Entre los siguientes números, encuentre los que son múltiplos de 2, 3, 5 y 10: 235, 360, 487, 564, 681, 792, 854, 904

Steps to Solve

1. Find the Least Common Multiple (LCM) of 2, 3, 5, and 10

To be a multiple of 2, 3, 5, and 10, a number must be a multiple of their least common multiple (LCM). First, find the prime factorization of each number:

• 2 = 2
• 3 = 3
• 5 = 5
• 10 = 2 x 5 The LCM is found by taking the highest power of each prime factor present in the numbers: $$ LCM(2, 3, 5, 10) = 2 \times 3 \times 5 = 30 $$ So, we need to find numbers in the list that are multiples of 30.

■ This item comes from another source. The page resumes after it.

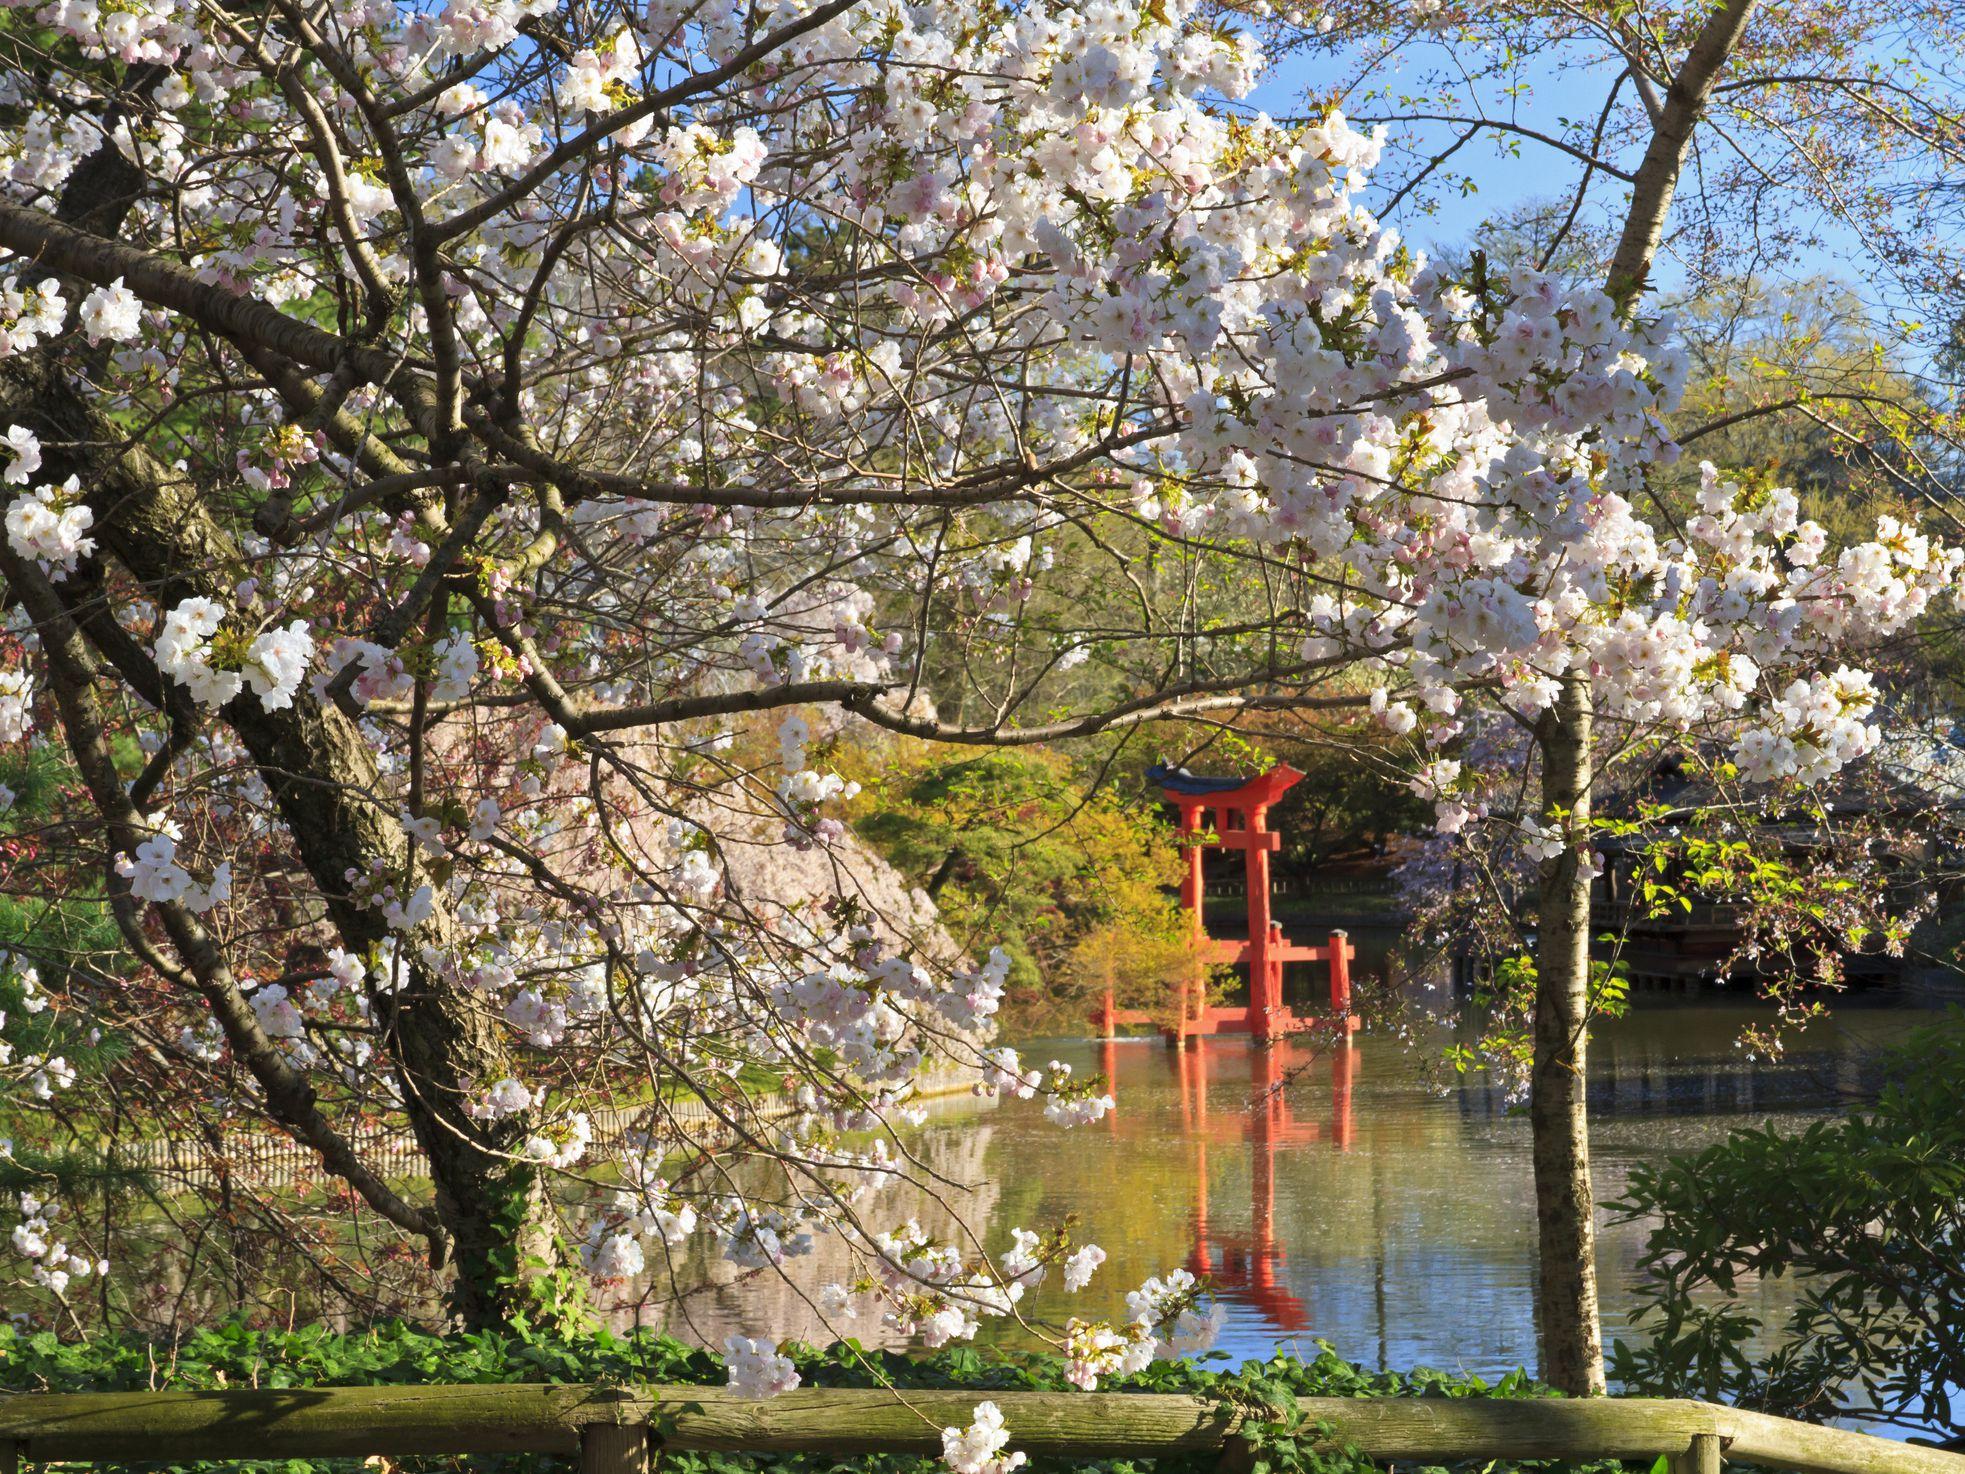 Brooklyn Botanic Garden Visitors Guide

2. Check each number for divisibility by 30

Divide each number in the list by 30 and check if the result is an integer:

• 235 / 30 ≈ 7.83 (Not an integer)
• 360 / 30 = 12 (Integer)
• 487 / 30 ≈ 16.23 (Not an integer)
• 564 / 30 = 18.8 (Not an integer)
• 681 / 30 = 22.7 (Not an integer)
• 792 / 30 = 26.4 (Not an integer)
• 854 / 30 ≈ 28.47 (Not an integer)
• 904 / 30 ≈ 30.13 (Not an integer)

3. Identify the Multiples of 30

From the above calculations, only 360 is divisible by 30.